The following synopsis summarizes an article which appeared in the August, 2003 issue of Scientific American. The article is 7 pages in length and can be obtained through Scientific American, Inc., 415 Madison Avenue, NY, NY 10017-1111.
“Rethinking the ‘Lesser Brain”
By James Bower¹ and Lawrence Parsons²
Located upon the brain stem is a small mass of brain tissue that scientists have rigorously studied, attempting to explain its purpose for over four decades. Scientists have revealed that this mysterious area, the cerebellum, not only plays an important role in controlling movement but also contributes to a variety of activities not related to movement. Cognitive neuroscience has found the cerebellum may play an imperative part in short-term memory, attention, impulse control, emotion, higher cognition and the ability to schedule and plan tasks. There is a growing amount of research suggesting that the cerebellum may be more involved with sensory input than motor output.

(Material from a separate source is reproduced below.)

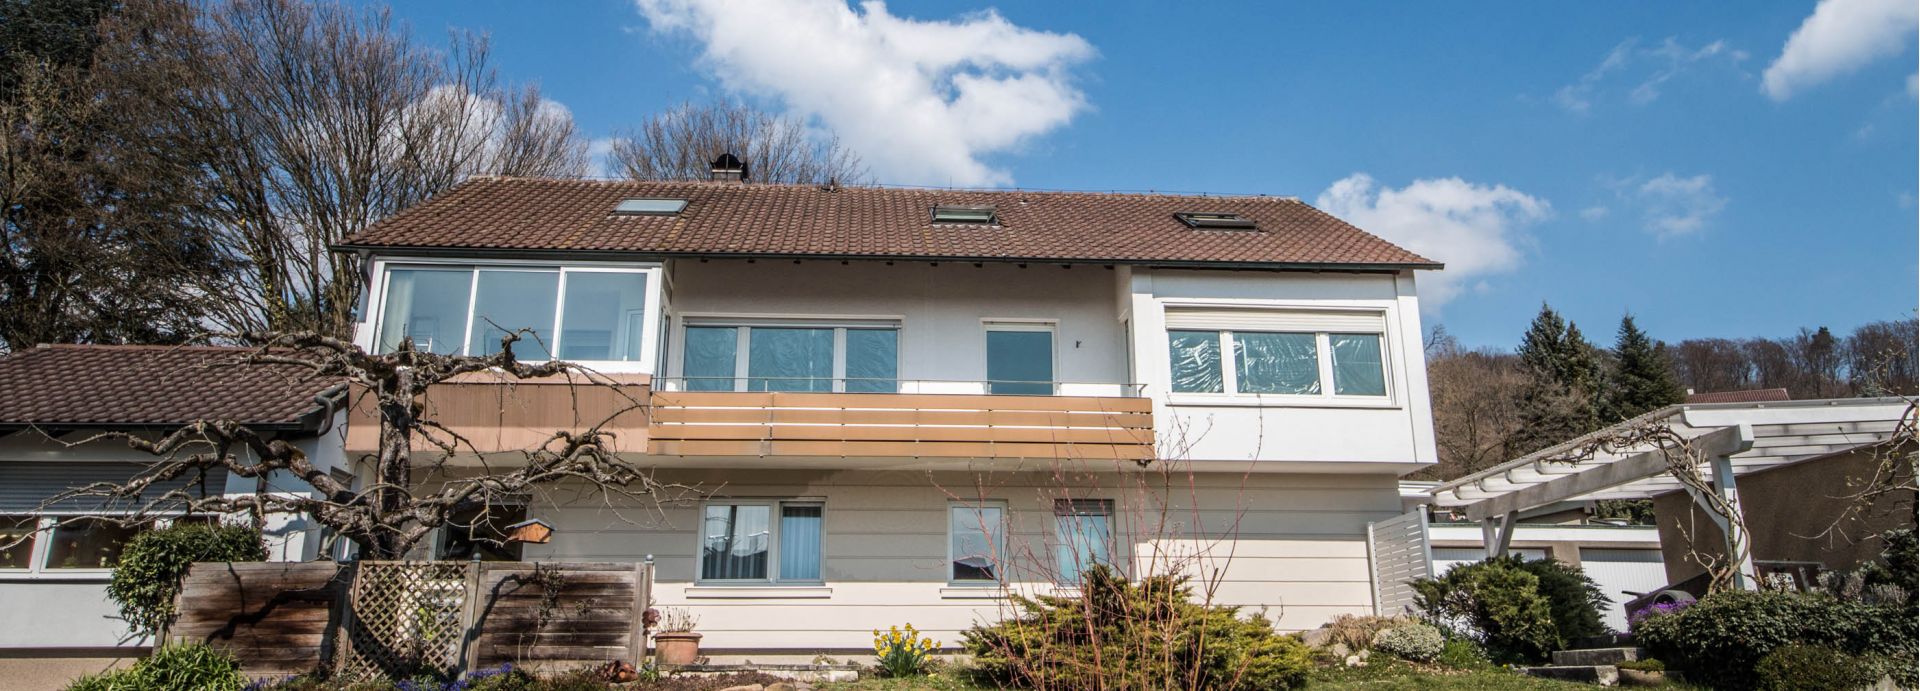 Vermietet: Traumhafte 4 Zimmer-Wohnung in Ebersbach, Göppingen

Further evidence regarding the importance of the cerebellum has been documented by experiments involving people that have had cerebellar damage. Jeremy Schmahmann of Massachusetts General Hospital found that patients that have had cerebellar damage had difficulties regulating their emotions. These patients, which included both children and adults, were either unable to react or overreacted to a stimulus. Other research has shown that people with cerebellar damage have problems with spatial reasoning tests; they have problems determining whether the shapes of objects seen from different views match. Rod Nicolson, a researcher at Sheffield University in England found a link between people that have cerebellar damage and dyslexia. Dyslexics and people with cerebellar damage have similar difficulties with learning. It was found that dyslexics have reduced cerebellar activity, which would suggest an abnormal cerebellum could be the root cause of why people have spelling, reading and writing difficulties.
Dyslexia is not the only learning difficulty an underdeveloped cerebellum has been linked to. In 2002, a study conducted by Xavier Castellanos and Judith Rapoport and the National Institute of Mental Health found that children with ADHD had a cerebellum that was smaller in size compared to children without ADHD. Children with ADHD usually have a lack of impulse control, which has been cited as one of the key symptoms of having an underdeveloped cerebellum. Concurrent with that theory, Jordan Grafman and his co-workers at the National Institutes of Health noted that people with cerebellar problems had trouble with attention, impulse control, working memory, and mental functions such as planning and scheduling. If this is the case, individuals with an underdeveloped cerebellum could suffer from learning difficulties such as dyslexia, dyspraxia or ADHD. If an underdeveloped cerebellum could be normally developed, it is possible that many of the key symptoms of learning difficulties, such as problems with short-term memory, acquisition of skills involved in language, reading and writing and attention problems could be reduced or eliminated.
Intensive study of the brain has led key researchers to believe the traditional motor control theory of the cerebellum is insufficient due to new evidence that the cerebellum is active during touch. A technique called micromapping recorded the electrical activity of small patches of neurons in the brains of rates as they were touched on various parts of their body. The cerebellum was activated during the tactile stimuli in a fractured structure on the touch map with various data coming in from different parts of the body. This supports that the cerebellum was comparing the sensory information coming from different parts of the body. A new hypothesis formed from that which involved the cerebellum’s role in coordinating sensory data. To support the hypothesis, experiments involving human subjects were conducted by Peter Fox at the University of Texas Health Science Center. There was an intense cerebellar response when subjects used their fingers for evaluating sensory information. According to this research, the cerebellum plays a central role in processing sensory information rather than controlling movement.
The cerebellum appears to act as support structure for the rest of the brain. That support involves monitoring incoming sensory data and making continuous adjustments to how information is processed. On going research regarding the cerebellum’s function will enable us to learn even more about the brain. If there truly is a link between an abnormal cerebellum and short-tem memory, cognition, and sensory integration among others, then the possibilities of remediation are endless.
The authors James Bowe¹r and Lawrence Parsons² are both at the Researching imaging Center at the University of Texas Health Science Center in San Antonio.